= EXERCISE BRIEF =
Give back the whole listing word for word and skip each picture.

= INFORMATION SUPPLIED =
[Start of Attachment]

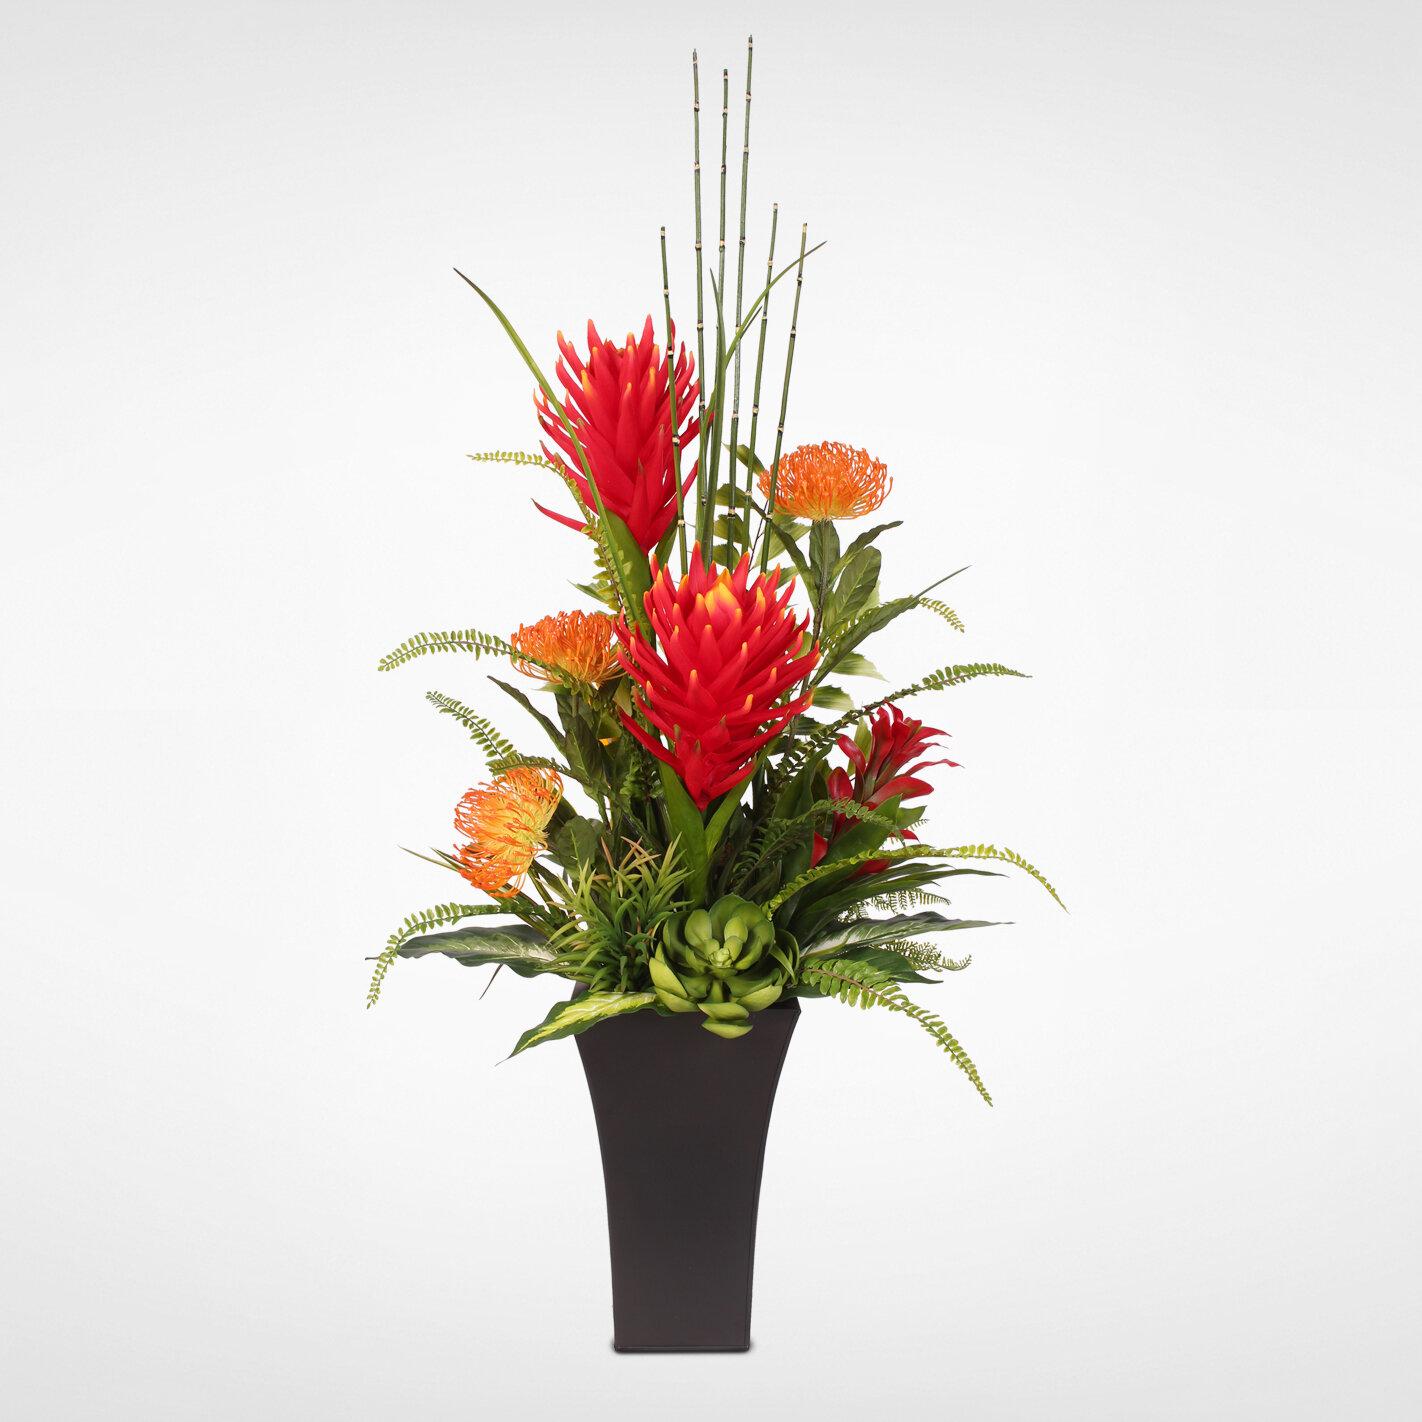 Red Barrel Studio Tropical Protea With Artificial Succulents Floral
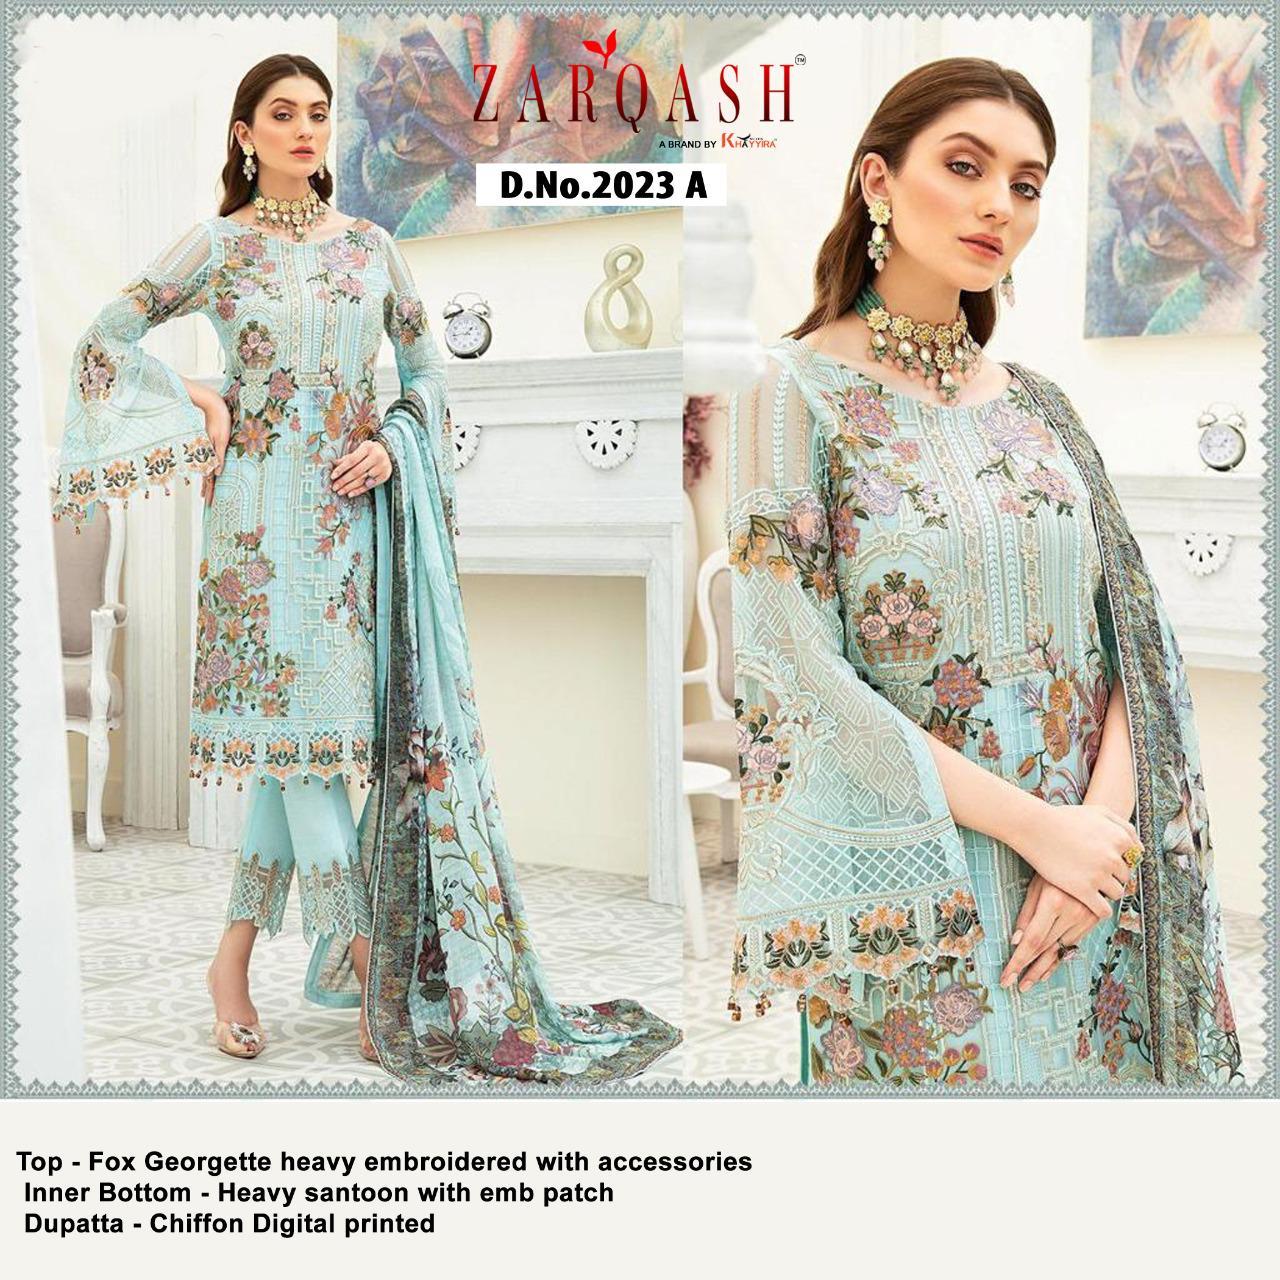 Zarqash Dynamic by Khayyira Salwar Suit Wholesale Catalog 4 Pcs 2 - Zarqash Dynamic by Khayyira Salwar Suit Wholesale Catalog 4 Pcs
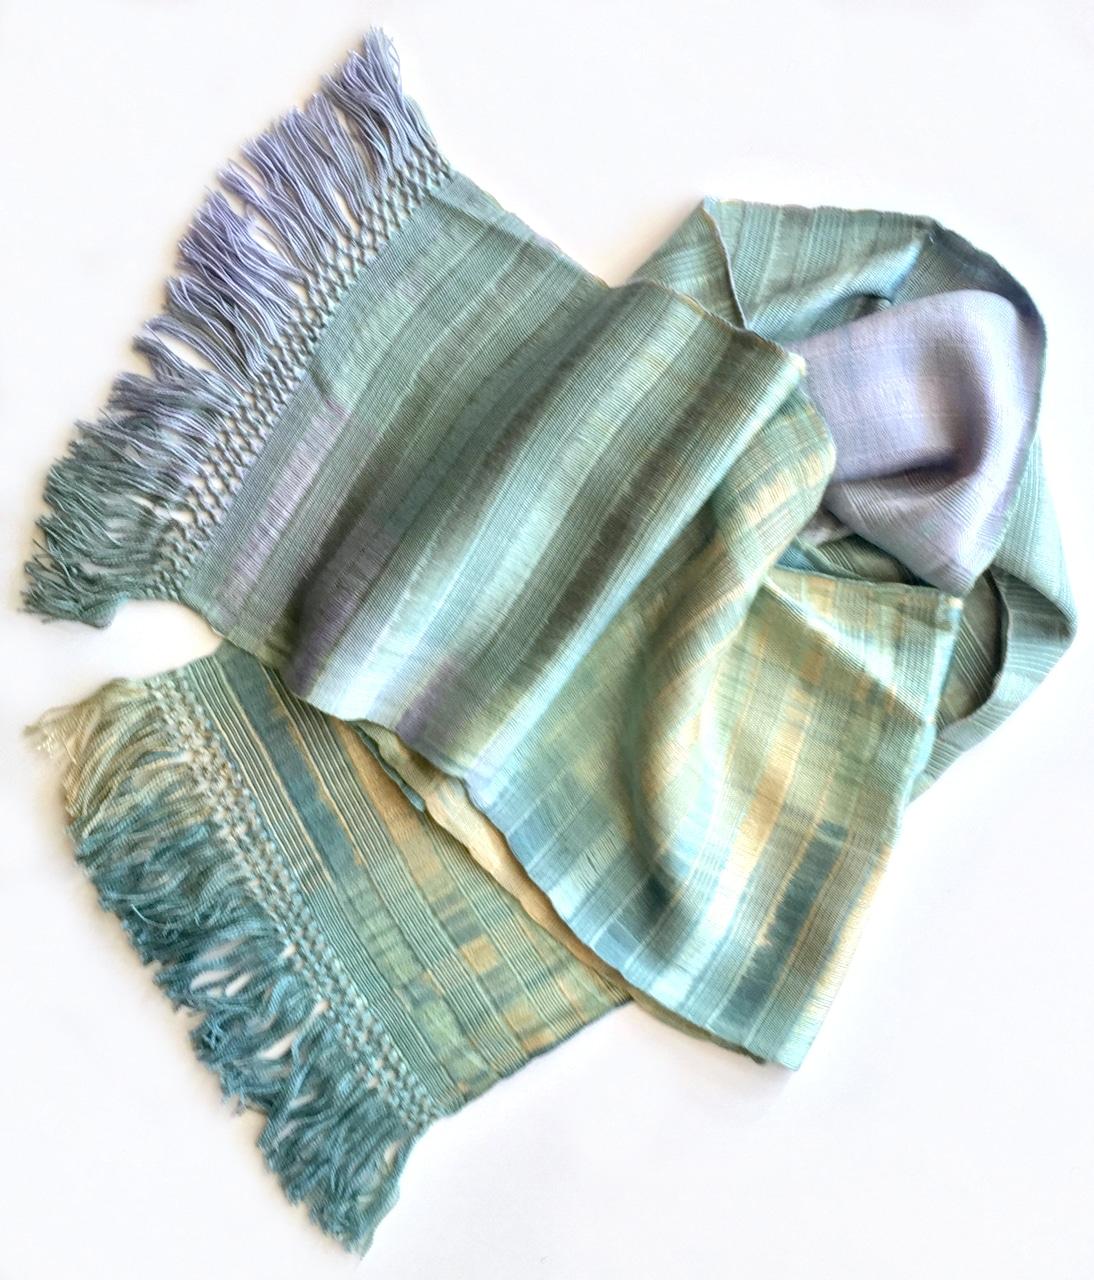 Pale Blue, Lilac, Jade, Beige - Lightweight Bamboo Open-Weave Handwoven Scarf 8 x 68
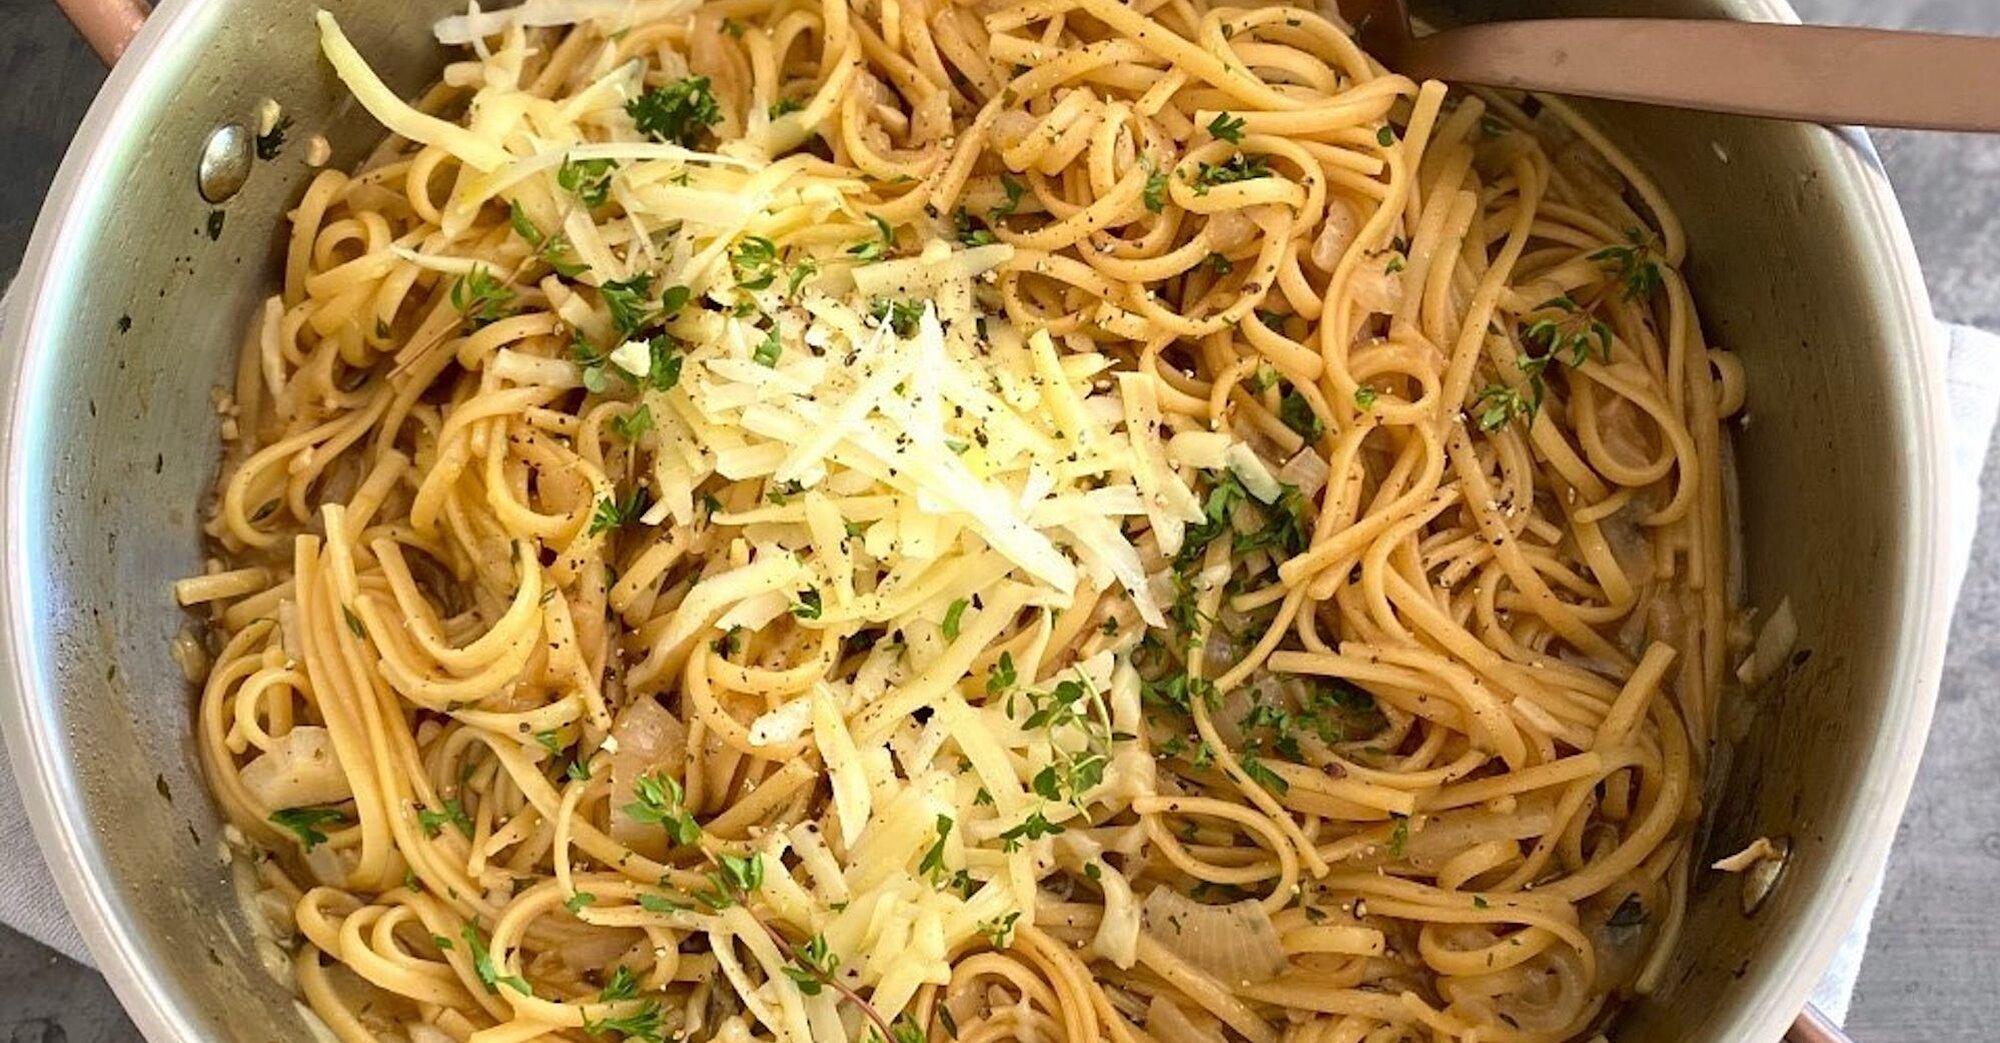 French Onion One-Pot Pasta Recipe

[End of Attachment]

= WRITTEN SOLUTION =
 Red Barrel Studio Tropical Protea With Artificial Succulents Floral
 Zarqash Dynamic by Khayyira Salwar Suit Wholesale Catalog 4 Pcs 2 - Zarqash Dynamic by Khayyira Salwar Suit Wholesale Catalog 4 Pcs
 Pale Blue, Lilac, Jade, Beige - Lightweight Bamboo Open-Weave Handwoven Scarf 8 x 68
 French Onion One-Pot Pasta Recipe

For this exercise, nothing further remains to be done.